Ein Schritt in die richtige Richtung
Der Stadtentwicklungssenator Michael Müller (SPD) hat bekannt gegeben, dass es vorerst keine Mieterhöhungen für Wohnungen der landeseigenen Wohnbaugesellschaften geben wird. Von den Wohnungsbaugesellschaften (Degewo, WBM, Stadt und Land, Howoge, Gewobag und Gesobau) waren diese in Aussicht gestellt worden, nachdem bereits vor der Berlinwahl geplante Mieterhöhungen auf Druck von Klaus Wowereit aufgeschoben wurden. Diese sollten nun also nachgeholt werden, um die Mieten dem allgemeinen Berliner Mietspiegel anzugleichen. Daraus wird jedoch erst einmal nichts, wie Michael Müller klarstellt: „Pauschale Mieterhöhungen wird es mit mir nicht geben“, sagte der neue Senator der taz.

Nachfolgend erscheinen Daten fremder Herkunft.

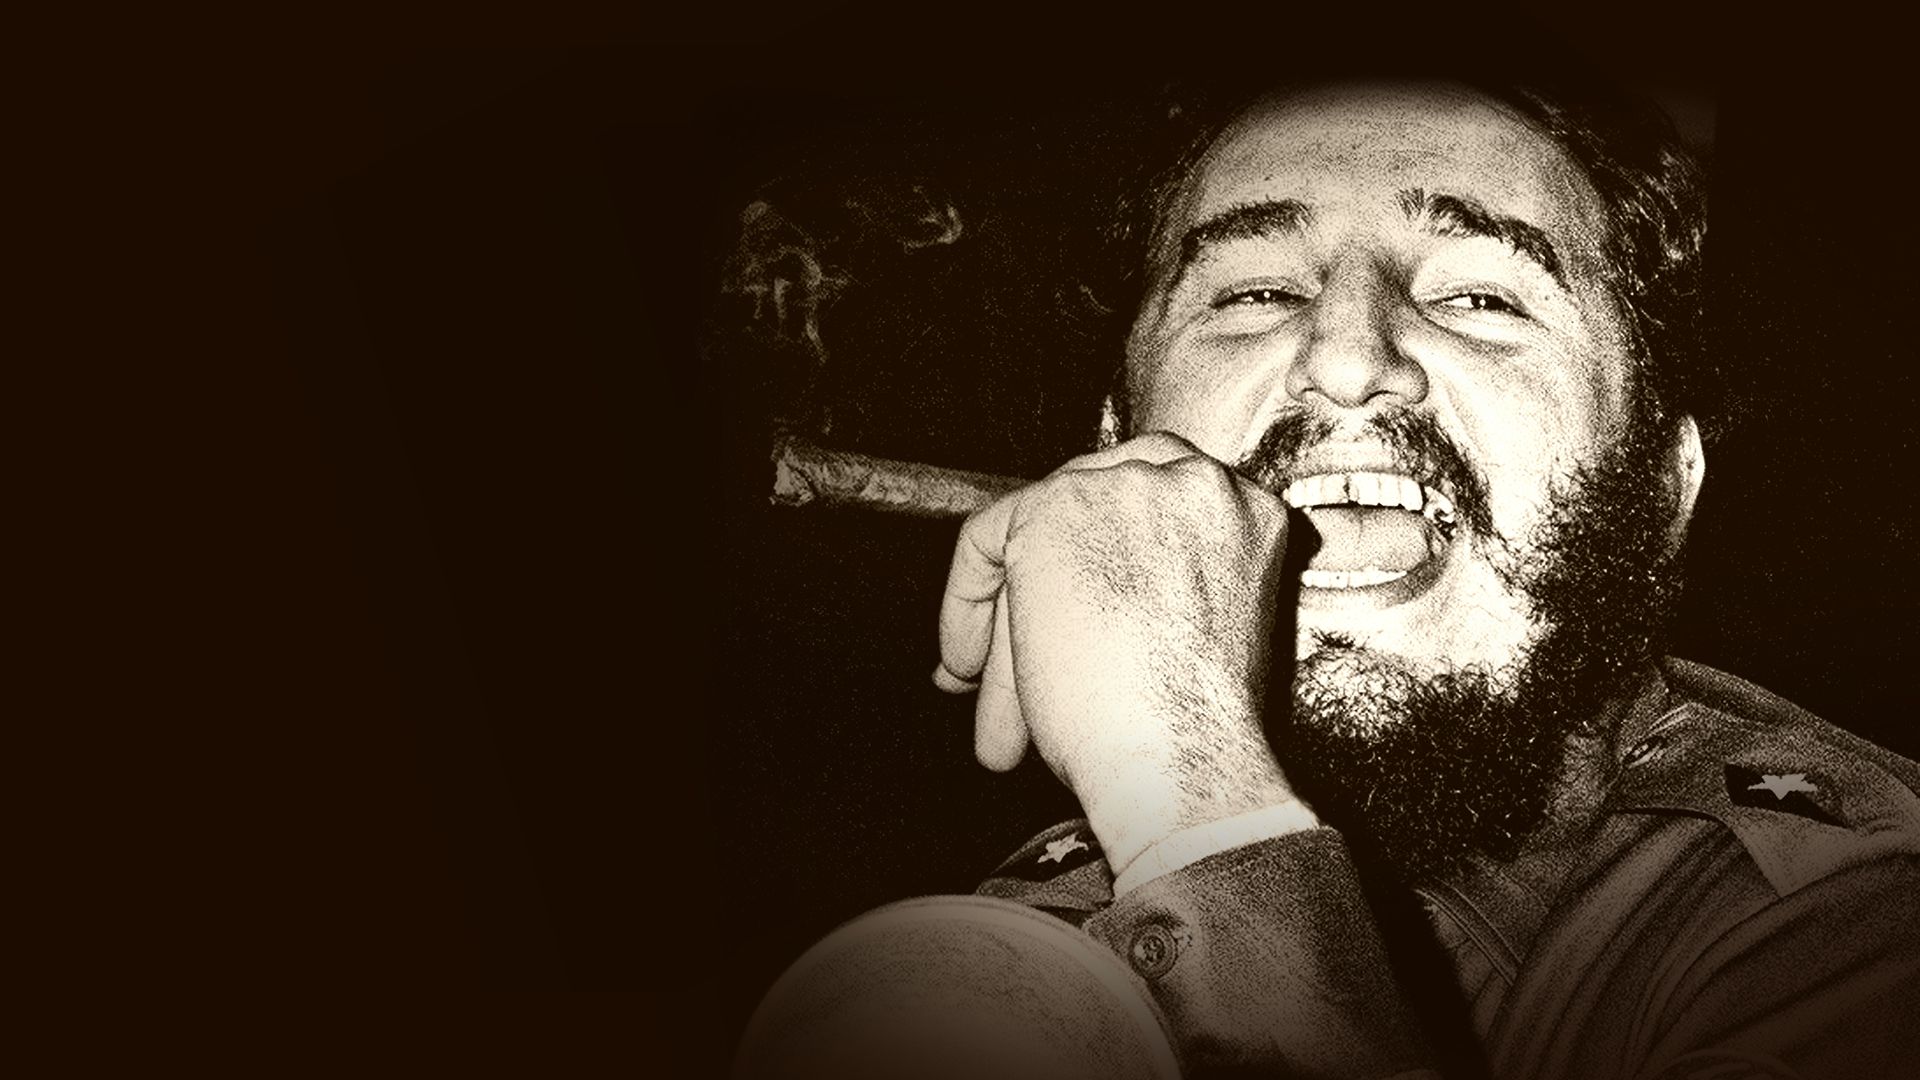 Fidel Castro - IMDb

Ganz neue Töne sind das aus dem Berliner Senat, mit denen wohl die wenigsten gerechnet hätten. Nicht mal im Wahlkampf haben Klaus Wowereit und seine SPD deutlich machen können, dass bei ihnen Mietpreissteigerungen und Gentrifizierung oben auf der Agenda stehen. Stattdessen fand der Umgang mit diesem Thema oft eher halbberzig statt. Gleichzeitig tätigte Wowereit Aussagen wie die, dass Mietpreiserhöhungen in attraktiven Vierteln gut sind und dazugehören. Diese Wowereit-SPD schickte sich an, die Regierung gemeinsam mit einer CDU zu bilden, die als einzige im Senat verbliebene „nicht-linke“ Partei vor allem für ihre Willmersdorfer Klientel Politik machen würde. Man konnte also auf das schlimmste gefasst sein und sich auf fünf dunkle rot-schwarze Jahre einstellen.
Dass es nun Hoffnung gibt, dass dies nicht in allen Bereichen eintreffen muss, zeigt das Beispiel Müller, der das Problem entschiedener anzugehen scheint als seine Vorgängerin Ingeborg Junge-Reyer (Die Linke) in sieben Jahren Amtszeit. Doch dafür darf es nicht bei diesem einen kurzfristigen Eingreifen bleiben. Es war ein wichtiges Eingreifen und ein richtiger Schritt in die richtige Richtung, jedoch wird dieser auf Dauer nicht ausreichen. Denn den landeseigenen Wohnungsbaugesellschaften müssen vom Senat langfristig enge Spielregeln gesetzt werden. So darf es beispielsweise nicht Aufgabe dieser Gesellschaften sein, Rendite zu erzielen und sich dem allgemeinen Tempo der Mietsteigerungen in Berlin anzupassen. Vielmehr stellen sie eine der letzten Möglichkeiten dar, die vorhandenen Gentrifizierungsprozesse zu bremsen.
Die Frage ist so auch, wie Müllers Satz „Wir wollen die Mieten mehr an den individuellen Möglichkeiten der Mieter orientieren“ zu verstehen ist. Wenn er diesen ernst meint und entsprechende, präzise Gesetzesformulierungen zu dessen Umsetzung vorlegt, könnte Müller ein echter Gewinn für Berlin und seine Mieter sein. Erfolgt eine solche Gesetzgebung nicht, könnte aber auch das genaue Gegenteil eintreten, wie Reiner Wild, Geschäftsführer des Mietervereins entgegnet: „Wenn in der Innenstadt mehr verlangt wird als in den Außenbezirken, fördert das die Segregation“, sagte er dazu bei der taz. Denn genau das ist die Gefahr, wenn solche Überlegungen nur mit zu allgemeinen Gesetzestexten einhergehen. Der Spielraum könnte so immer noch von den Wohnungsbaugesellschaften ausgenutzt werden.
Hoffen wir also, dass das Einschreiten von Herrn Müller kein Strohfeuer war, sondern er sich auch in Zukunft entsprechend engagiert und mit der nötigen Präzision dem Problem Mietsteigerungen widmet.